City of Yes adds another layer of potential. By expanding zoning flexibility — especially through the Universal Affordability Preference (UAP) — developers in certain zones can increase FAR in exchange for deeper affordability. Yet to maximize that potential, we need these zoning bonuses to be paired with capital resources that MWBEs can actually access. Without it, zoning becomes permission without power.

Zoning without access is just permission without power. To unlock the full potential of tools like City of Yes and UAP, MWBE teams must be given the capital, coordination, and streamlined processes to lead — transforming fragmentation into integrated, innovation-first solutions.
Zoning without access is just permission without power. To unlock the full potential of tools like City of Yes and UAP, MWBE teams must be given the capital, coordination, and streamlined processes to lead — transforming fragmentation into integrated, innovation-first solutions.

Ultimately, the biggest issue isn’t the tools — it’s the fragmentation.
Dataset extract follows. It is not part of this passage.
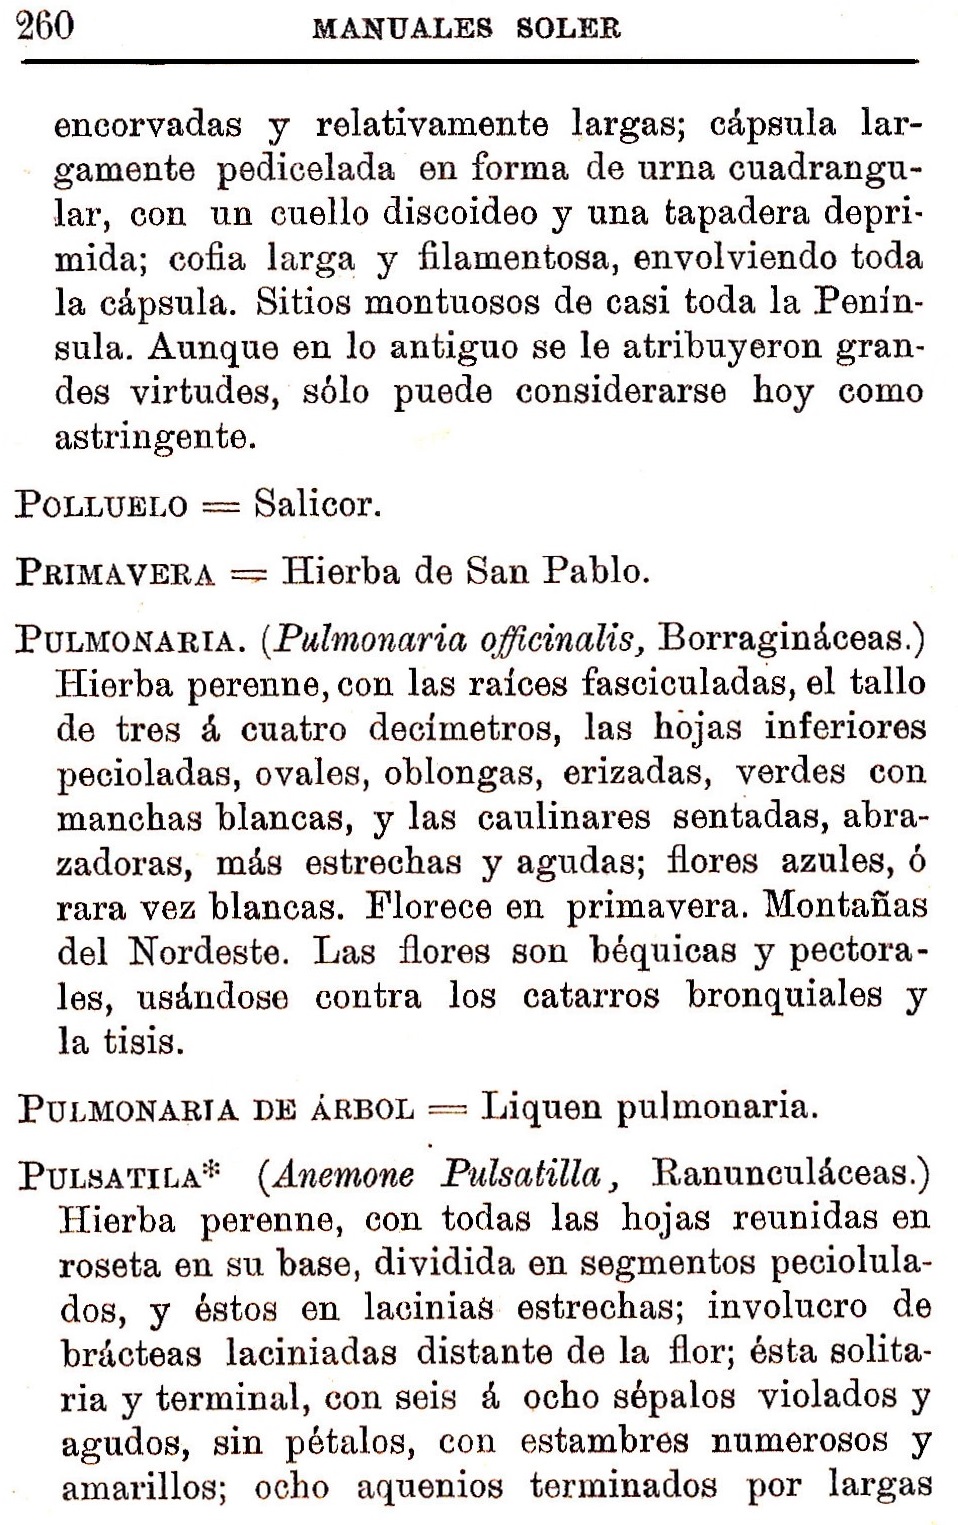 Plantas Medicinales. Blas Lazaro Ibiza. Índice alfabético de plantas. P. Polluelo.

LIHTC, 485-x, HPD programs, zoning bonuses, union mandates, and MWBE policies all operate in parallel, with different agencies, application cycles, and approval workflows. Even experienced developers struggle to braid them together. For small firms, the learning curve and administrative burden can be crushing. We need better inter-agency coordination, streamlined processes, and incentives that prioritize innovation, not repetition.


Because in today’s complex environment, the old way of doing things won’t deliver new results. Developers may have once favored large, risk-averse firms for their track record of repetition, but this is a different moment. The challenges are more nuanced. The trade-offs are more layered. And that means the solutions must be more creative — and more inclusive.


It’s time to stop treating MWBEs as peripheral contributors and recognize them as central problem-solvers. The housing crisis in NYC isn’t just about building more — it’s about building better. And to do that, we need new voices, new partnerships, and a city that’s willing to let the most innovative players lead.